Les études bibliques en commun représentent une autre ressource mise à notre disposition pour éviter une lecture superficielle. Celles-ci, et la prédication, ne sont-elles pas les moyens par lesquels toute église persévère dans l'enseignement des apôtres, premier des quatre piliers qui constituent ses fondations (cf. Actes 2.42) ? L'enseignement des apôtres vient en premier car il est le fondement de la suite : la communion fraternelle, le culte rendu à Dieu et la prière qui clôt légitimement le tout parce que l'enseignement qui porte sur Dieu, une personne vivante, ne serait pas exact s'il se limitait à parler de Dieu et ne conduisait pas à parler à Dieu pour le louer et pour lui exprimer confiance. Combien de fois le substantif enseignement (ou doctrine) et les verbes correspondants se rencontrent dans la Bible et notamment dans le Nouveau Testament ! Le Seigneur même, dans les jours de sa chair, ne fut-il pas un Maître enseignant inlassablement avec une pleine autorité (Marc 1.22) et interrogeant : Avez-vous compris toutes ces choses ? (Matthieu 13.51) En effet Dieu attend de nous que non seulement nous croyions mais aussi que nous comprenions (cf. Es 43,10). Car, nous ayant créés, il sait que nous vivons seulement ce que, par sa grâce, nous avons enfin compris.

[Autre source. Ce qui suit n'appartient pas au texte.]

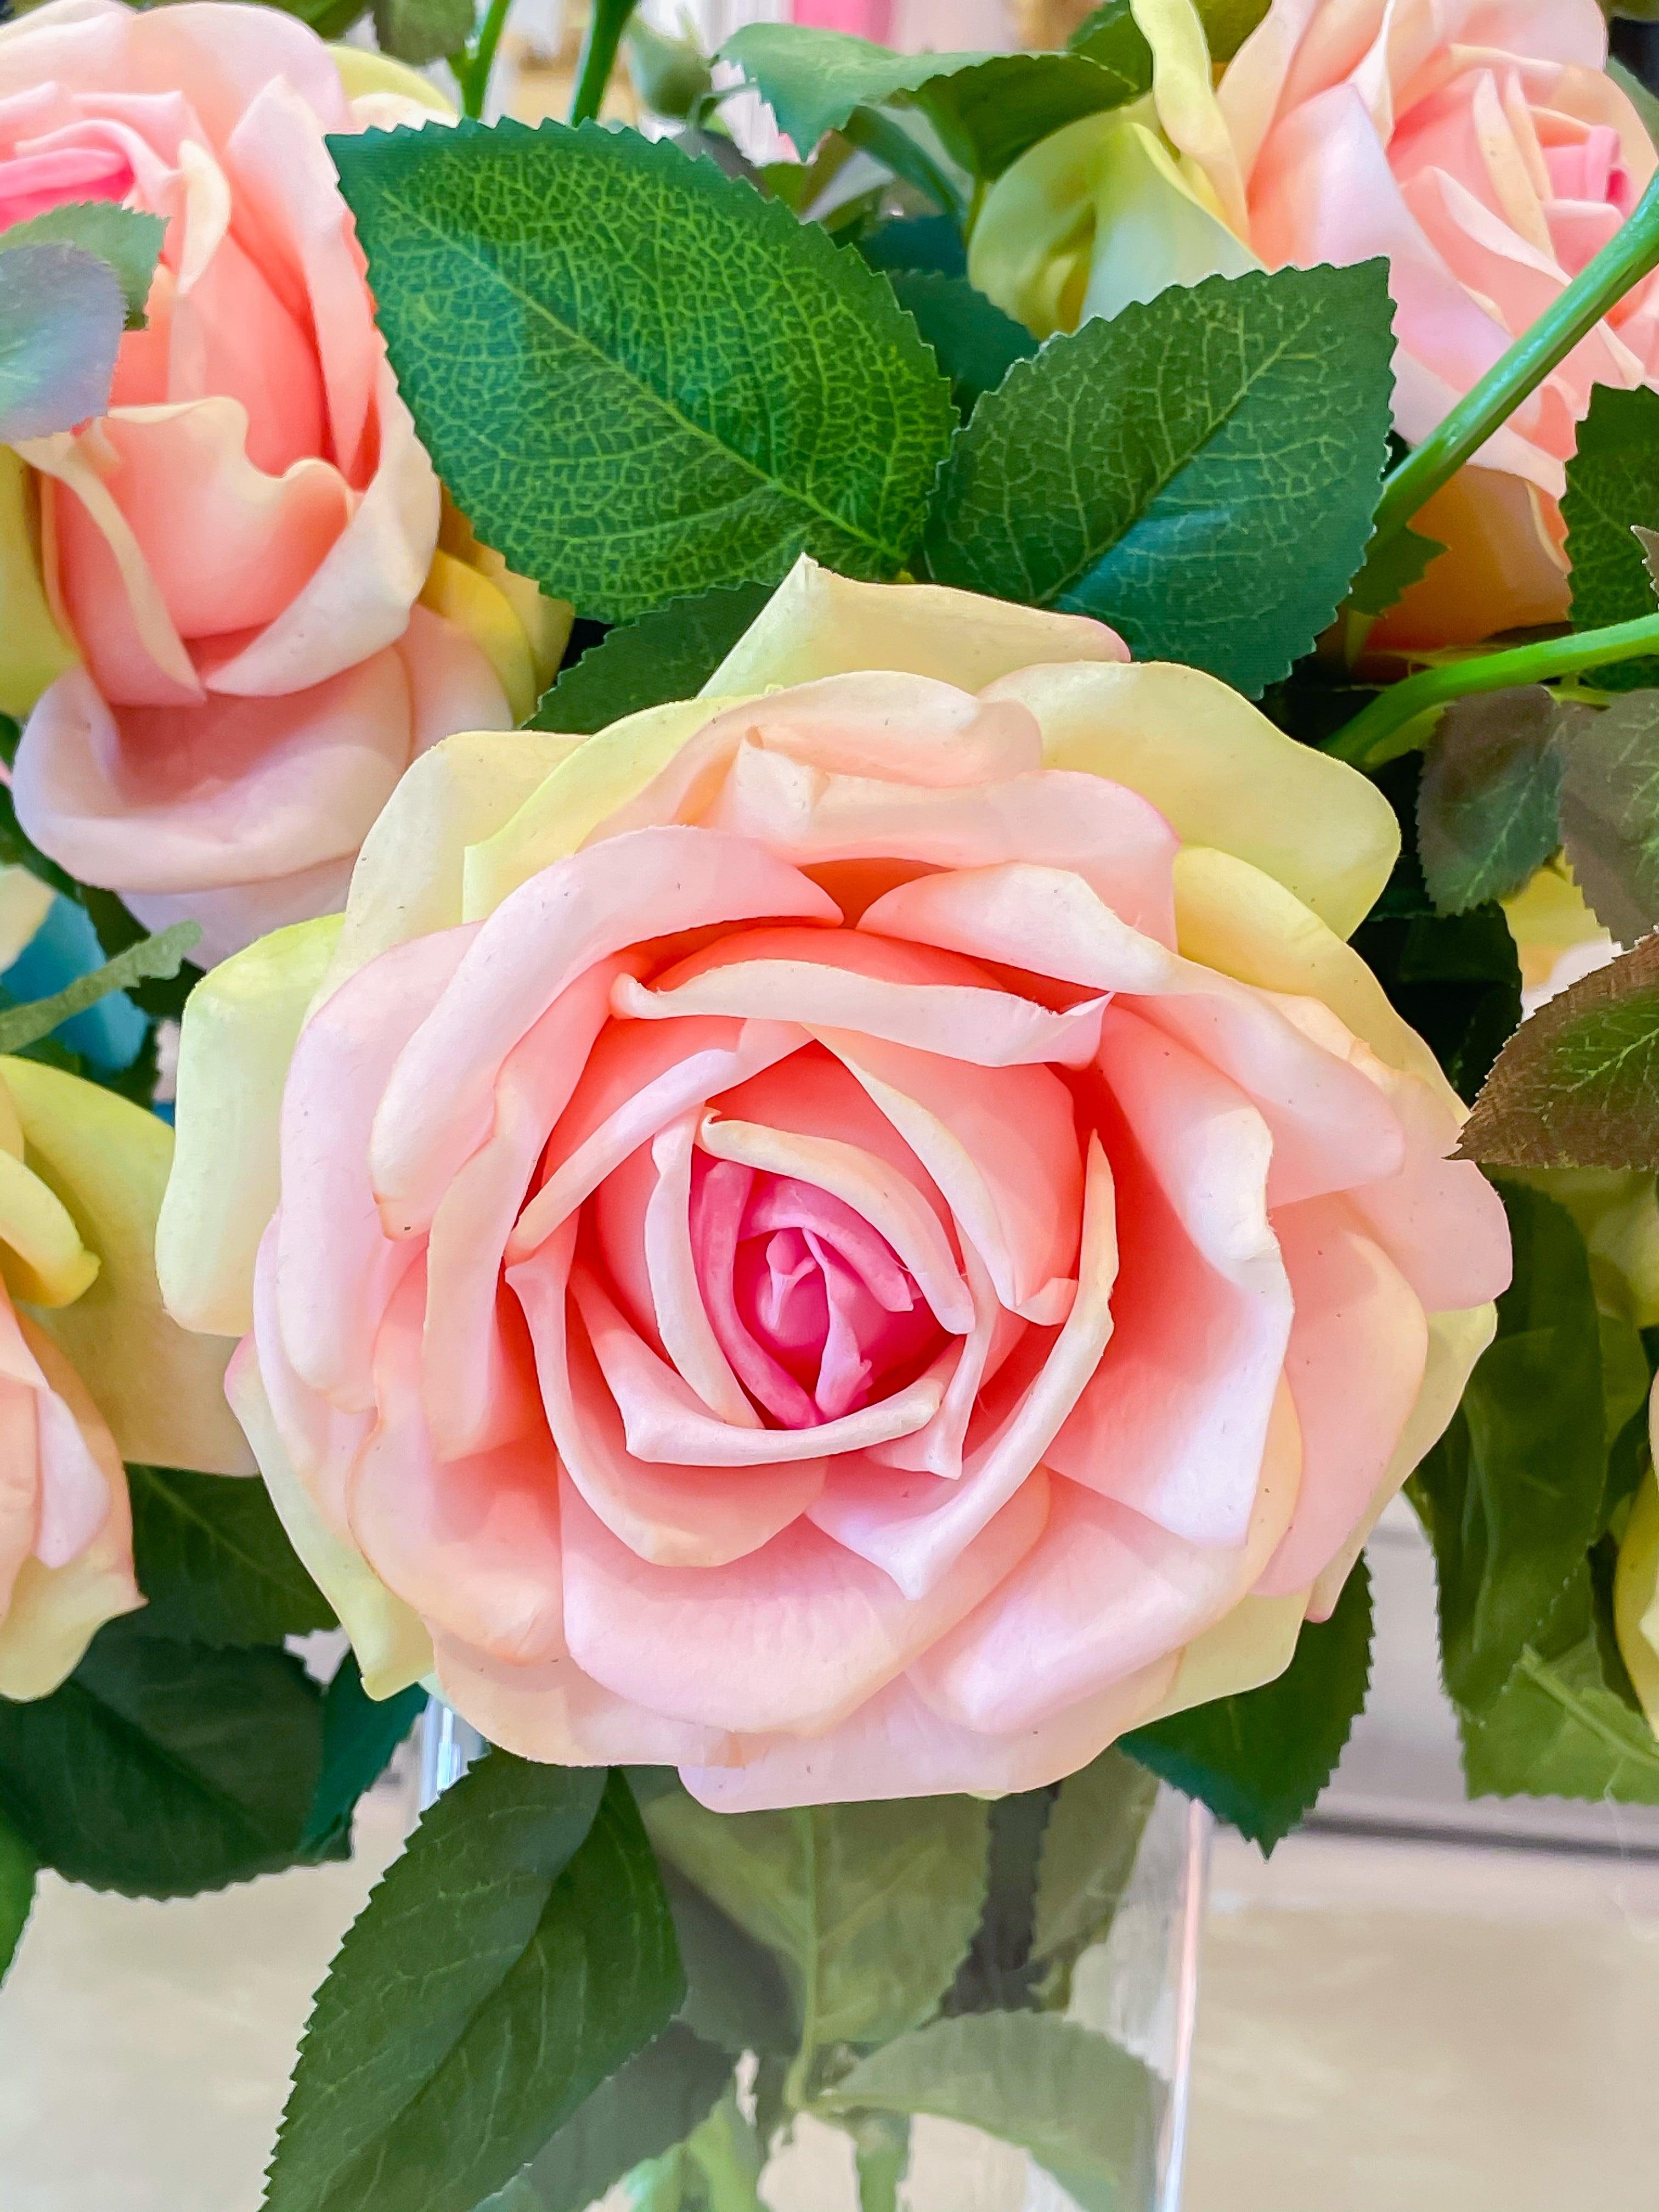 Slik Large Rose Tall Arrangement in Glass Vase – Flovery

1. Auteur de Jésus, Desclée de Brouwer Flammarion, 1994.
2. Coauteur de La plus belle histoire de Dieu, Seuil, 1997. Après avoir qualifié R. Bultmann de « très grand exégète de ce siècle », J. Moingt reconnaît toutefois : « Cependant, aujourd'hui, les exégètes sont beaucoup moins sévères que Bultmann quant à la vérité des faits rapportés par les évangiles ».
3. Dans Corpus Christi notamment.
4. Par excès ou maladresses, quelques chrétiens évangéliques ont pu prêter le flanc à cette double accusation, mais il n'y a pas moins d'abus à la généraliser.